Although it's a shame, I think MIDI support is probably going the way of Fax and dialup-modem support. :)


Ters

Quote from: TurfIt on November 27, 2015, 12:14:29 AM
[patch] FluidSynth

As long as Simutrans can use hardware MIDI if available. Or even an already configured software MIDI. I can't tell from just reading the post whether FluidSynth is built into Simutrans, or if Simutrans will just be able to use if available on the system.

Vladki

I dont know what the patch does, but simutrans can play on sw midi just fine.

Ters

Quote from: Vladki on November 27, 2015, 05:09:11 PM
I dont know what the patch does, but simutrans can play on sw midi just fine.

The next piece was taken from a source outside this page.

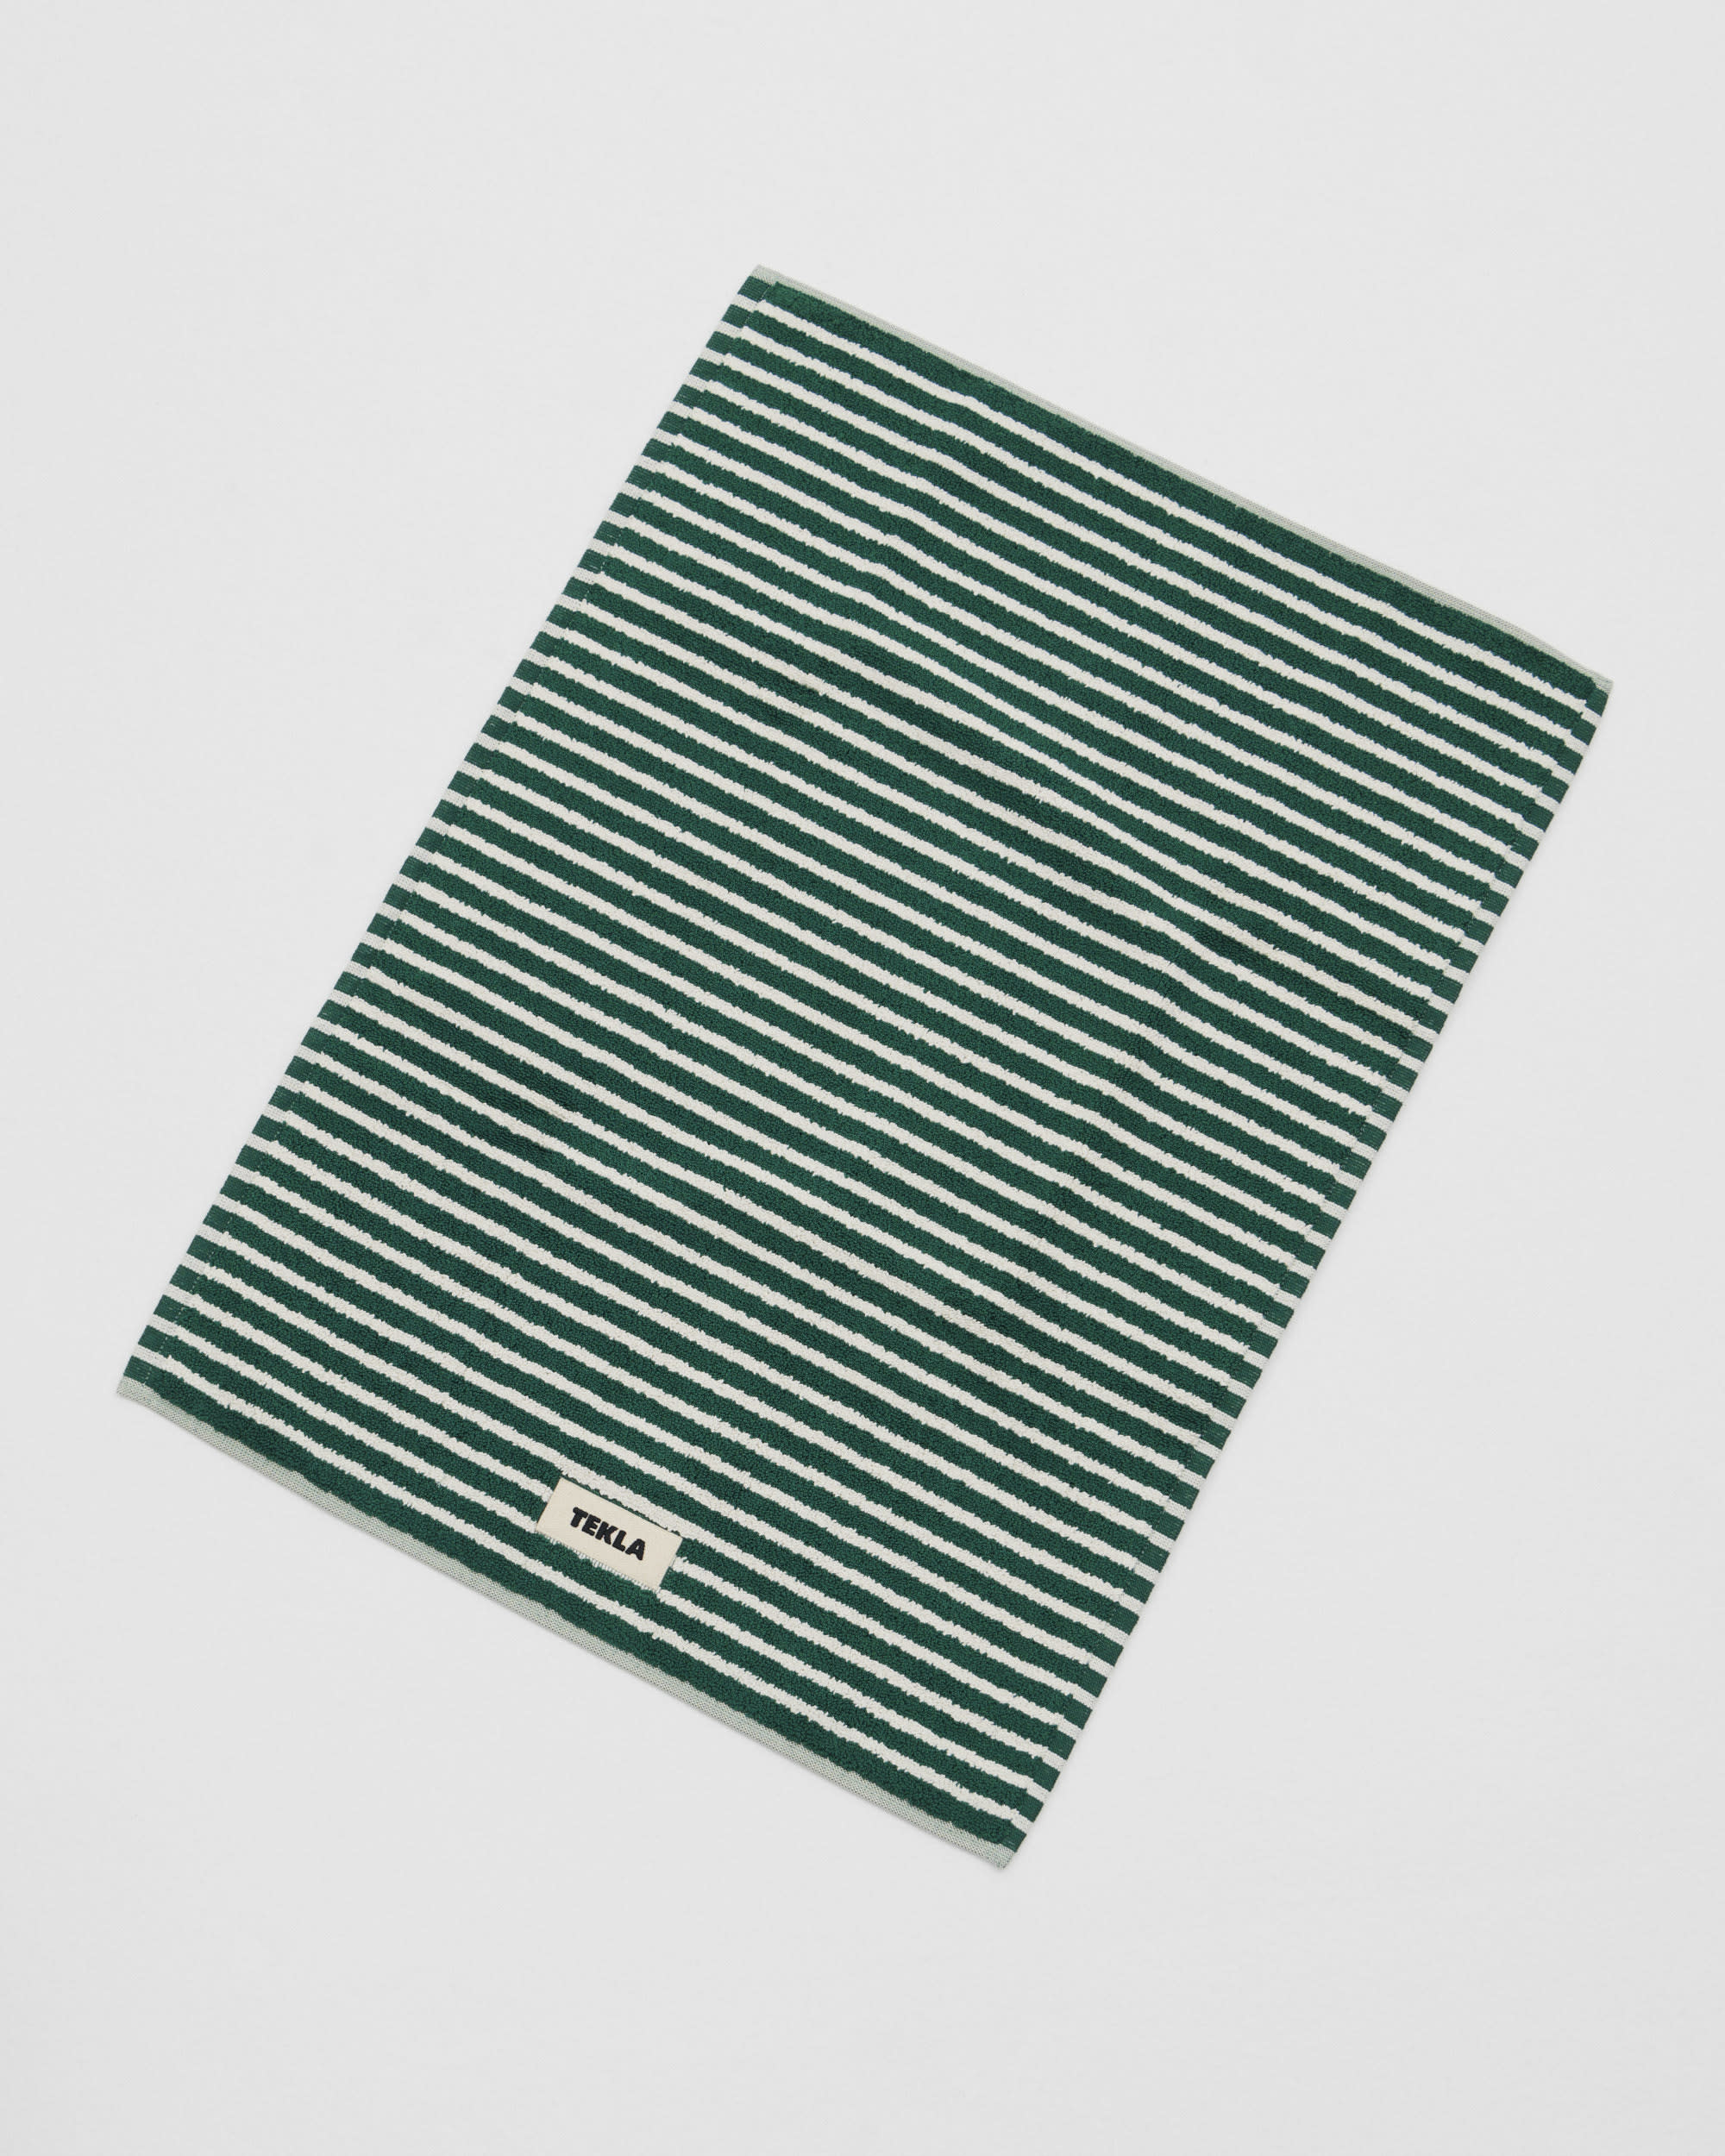 Bath Mat - Striped - Teal Green Stripes

Which software MIDI on which OS?

Vladki

Quote from: Ters on November 27, 2015, 06:57:49 PM
Which software MIDI on which OS?
Timidity on Linux. It used to work, but I play silently for quite a long time now, and in my compiled version from SVN sound does not work at all... I have to check with precompiled nightly or release version.

Ters

Quote from: Vladki on November 28, 2015, 09:47:54 PM
Timidity on Linux.

I don't think anything has changed on Linux in this regard. It's Windows that is now hardwired to Microsoft's software synthesizer. I don't know if it will rewire itself to a hardware synthesizer if available, but you can't use a different software synthesizer unless the program playing MIDIs explicitly ask for it, which I don't think the API Simutrans' native Windows MIDI uses supports. SDL might, perhaps.